President of the Football Association of Bosnia and Herzegovina
- Incumbent
- Assumed office 16 March 2021
- Preceded by: Elvedin Begić

President of FK Borac Banja Luka
- In office 19 June 2018 – 6 August 2020
- Preceded by: Branko Kovačević
- Succeeded by: Stojan Malbašić

Personal details
- Born: 12 November 1988 (age 37) Bosanska Gradiška, SR Bosnia and Herzegovina, SFR Yugoslavia
- Spouse: Nataša Zeljković
- Children: 3
- Occupation: Football administrator

= Vico Zeljković =

Bosnian Serb businessman and football executive (born 1988)

Vico Zeljković (Вицо Зељковић; born 12 November 1988) is a Bosnian Serb businessman and football executive serving as president of the Football Association of Bosnia and Herzegovina since March 2021. He is also president of the Football Association of Republika Srpska.

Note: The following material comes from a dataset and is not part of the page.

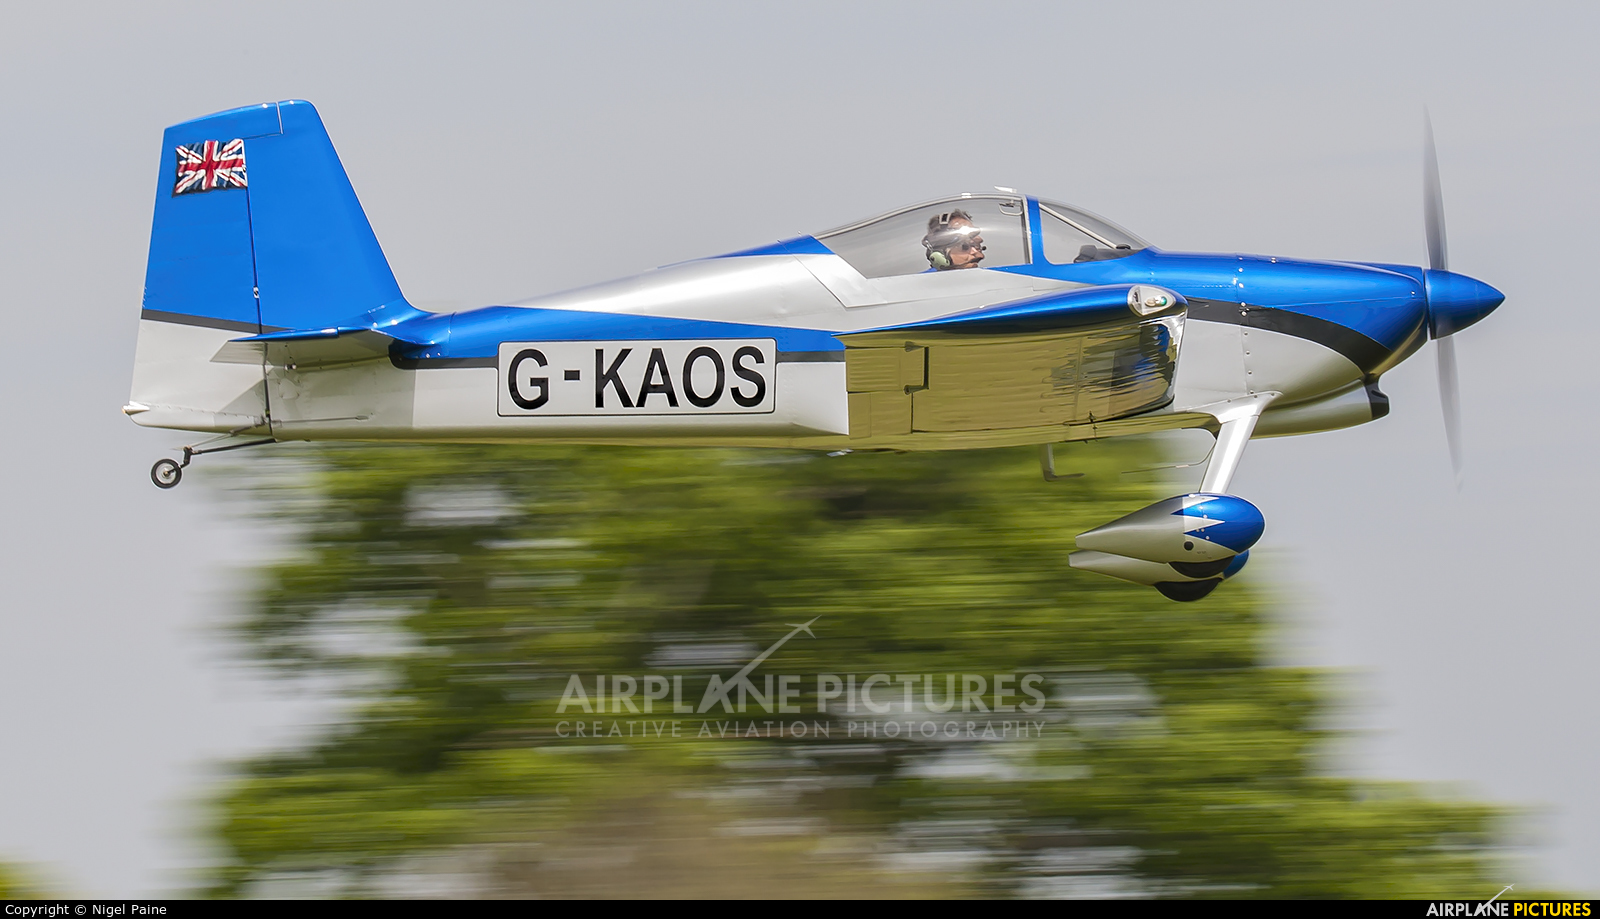 Private G-KAOS aircraft at Lashenden / Headcorn
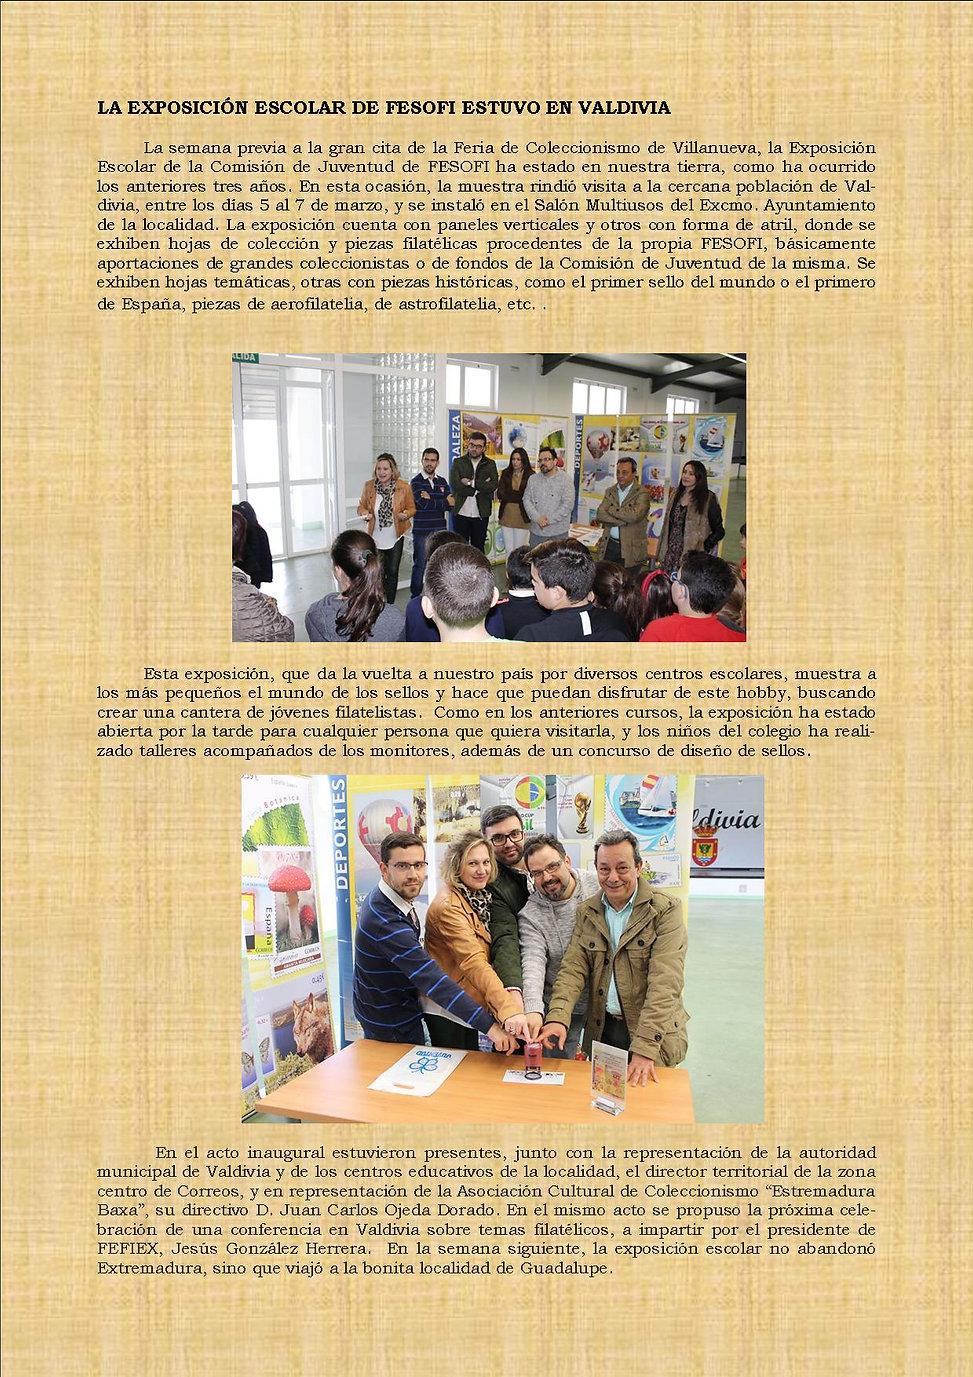 Noticia_exposición_escolar_en_Valdivia_

Zeljković was previously president of FK Borac Banja Luka and worked as a board executive in the Bosnian FA as well.

==Career==
From 19 June 2018 until 6 August 2020, Zeljković was president of Bosnian Premier League club Borac Banja Luka. He has served as president of the Football Association of Republika Srpska since 24 January 2020.

On 16 March 2021, Zeljković became the new president of the Football Association of Bosnia and Herzegovina. Before becoming president, he was a board executive in the Bosnian FA. Zeljković was re-elected to another four-year term as president of the Bosnian FA in April 2025.

==Personal life==
Zeljković is the nephew of prominent Bosnian Serb politician Milorad Dodik.